The U.S. State Department might consider opening Consular Agencies in Mexican Costcos.

That's all from me today.


----------



## ElPocho

Anonimo said:


> IMO, pink salt is pretty, and that's the only advantage over ordinary white salt. A Morelia friend has pink Himalayan Salt in a grinder on her dining room table. I think she bought it at the Morelia Costco. (I've seen it there.)


My bad, there is another pink salt. It's called cure #1. I do like that pink salt that you grind, I'm planning on taking that for high humidity areas. 

What I was referring to was the cure that you make Pastrami, sausages, bacon, smoked pork chops with. I also use it for Salmon before I cold smoke it. 

Sent from my Nexus 6 using Tapatalk


----------



## ElPocho

Anonimo said:


> Paprika is easy to find in Mexico. It's called "Pimentón". It even is available as sweet (dulce) or hot (picante). Some, usually a Spanish import, is smoked. Fantastic stuff. look for "Pimentón de la Vera". That's paprika from a designated region of Spain. You would find it in better shops catering to the gourmet trade. You probably won't find it in your local tienda de abarrotes (Mom 'n Pop little general store.)


Thank you for your kind reply...

I buy it by the pound.  an addiction.  

Since the good stuff is imported, it's better to get it cheap in the US, and make sure it is not adulterated in the Mexican distribution channel.


----------



## ojosazules11

Anonimo said:


> Paprika is easy to find in Mexico. It's called "Pimentón". It even is available as sweet (dulce) or hot (picante). Some, usually a Spanish import, is smoked. Fantastic stuff. look for "Pimentón de la Vera". That's paprika from a designated region of Spain. You would find it in better shops catering to the gourmet trade. You probably won't find it in your local tienda de abarrotes (Mom 'n Pop little general store.)

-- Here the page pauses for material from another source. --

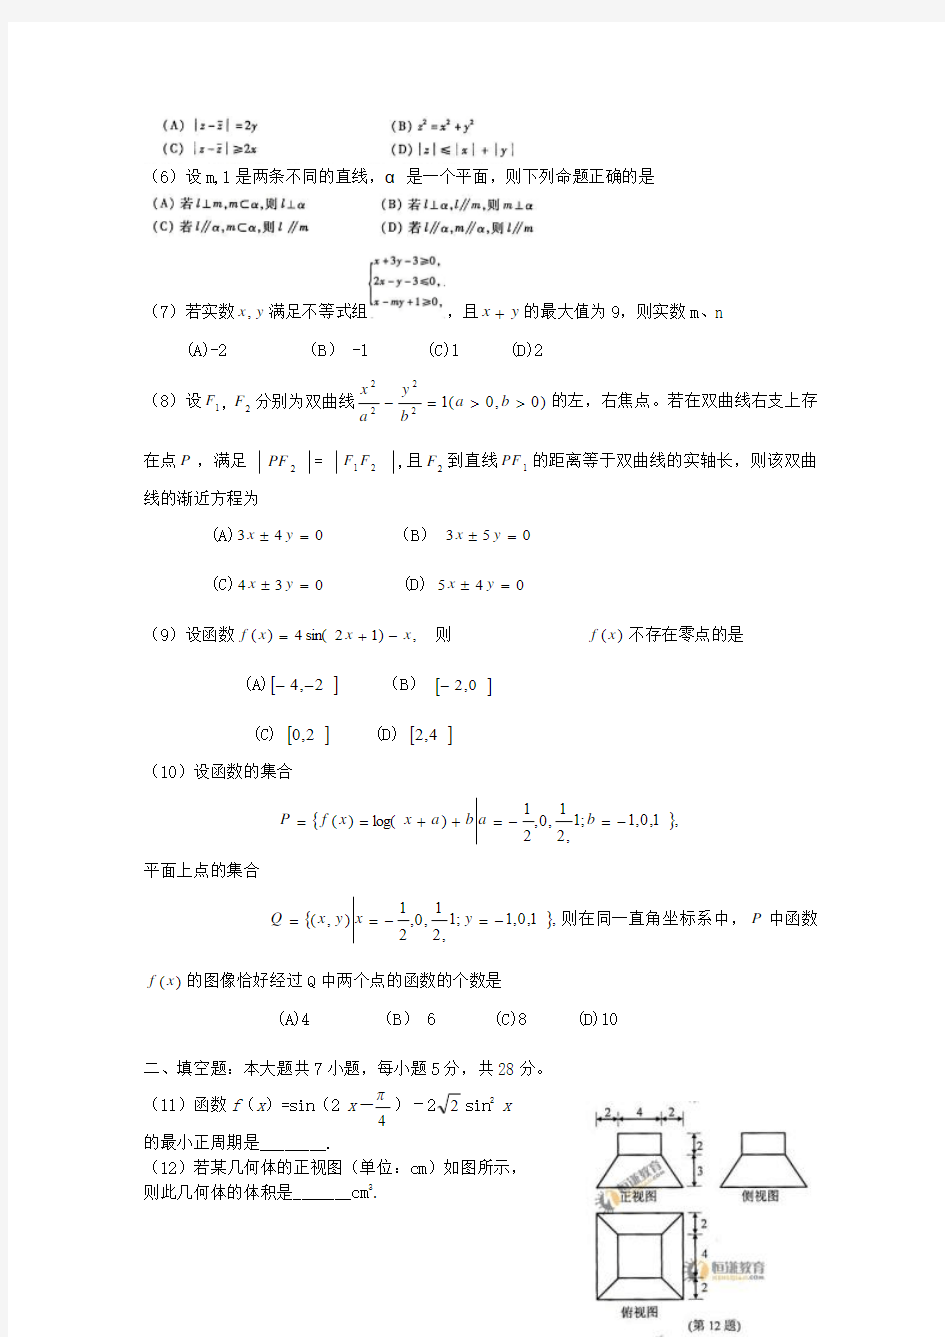 2010年高考理科数学试卷(浙江省)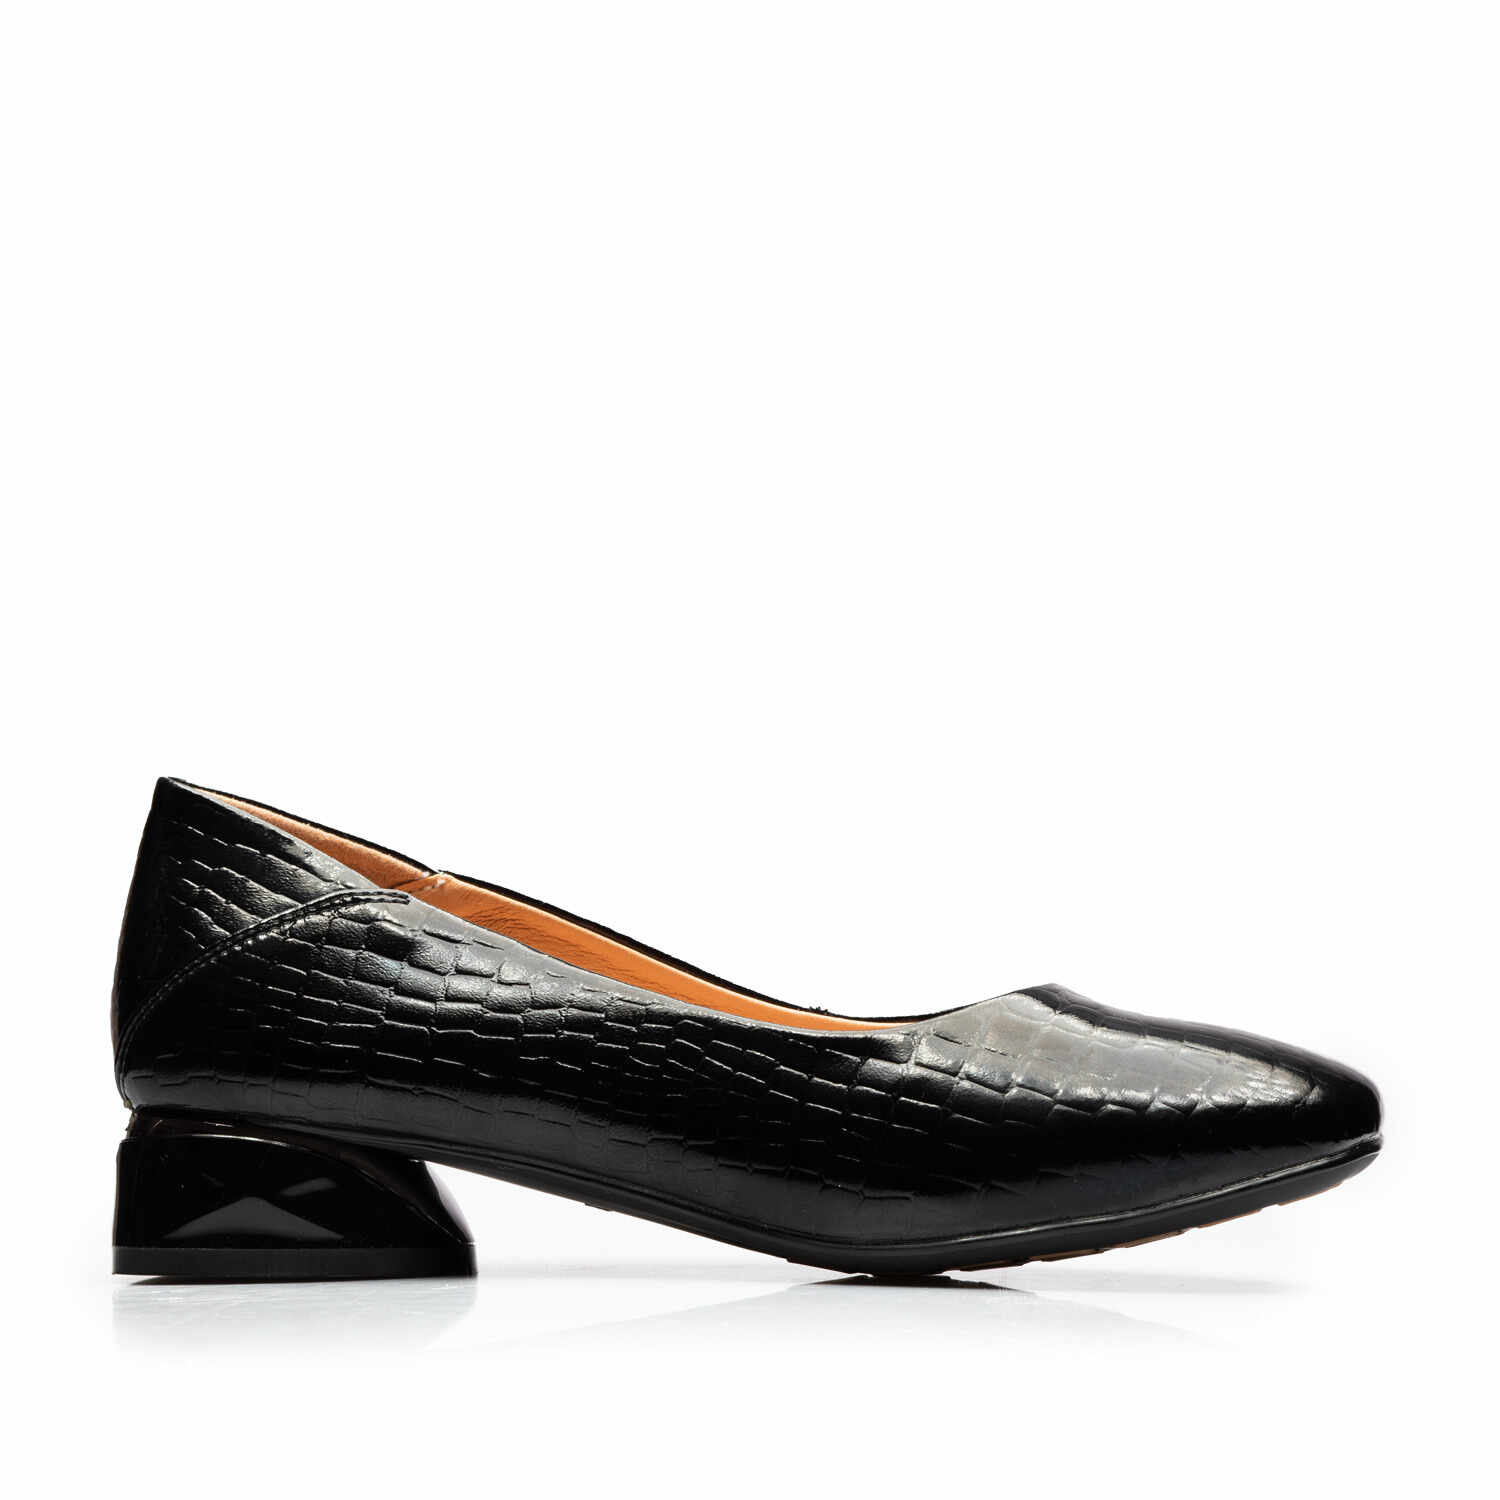 Pantofi eleganți damă din piele naturală - 5200 Negru Lac

Since I discovered Pimentón de la Vera (in Toronto) several years ago, I can hardly cook without it. I love it, both the _dulce_ and _picante_ varieties. I would recommend buying a brand that is authentic "Pimentón de la Vera _Denominación de origen protegida_". All the genuine ones I have ever bought come in little tins (about 70 gr). I have sometimes bought "Spanish Smoked Paprika", and it honestly is not nearly as good. I haven't tried to source it yet in the Tepoztlán / Cuernavaca area. My stints at our house in Tepoz are fairly short, and between invites from friends/family, eating out at our favourite haunts, plus my wonderful comadre Doña Clara next door, who is always dropping something by or calling me down to sample whatever is cooking on her comal, I hardly end up cooking when there. It's easy enough for now to stick a small tin in my suitcase as needed, but I will need to find a local source in the future when I'm not back and forth as much. I do like the local smoked chiles, but still like having Pimentón de la Vera on my shelf.


----------



## Anonimo

> My bad, there is another pink salt. It's called cure #1. I do like that pink salt that you grind, I'm planning on taking that for high humidity areas.
> 
> What I was referring to was the cure that you make Pastrami, sausages, bacon, smoked pork chops with. I also use it for Salmon before I cold smoke it.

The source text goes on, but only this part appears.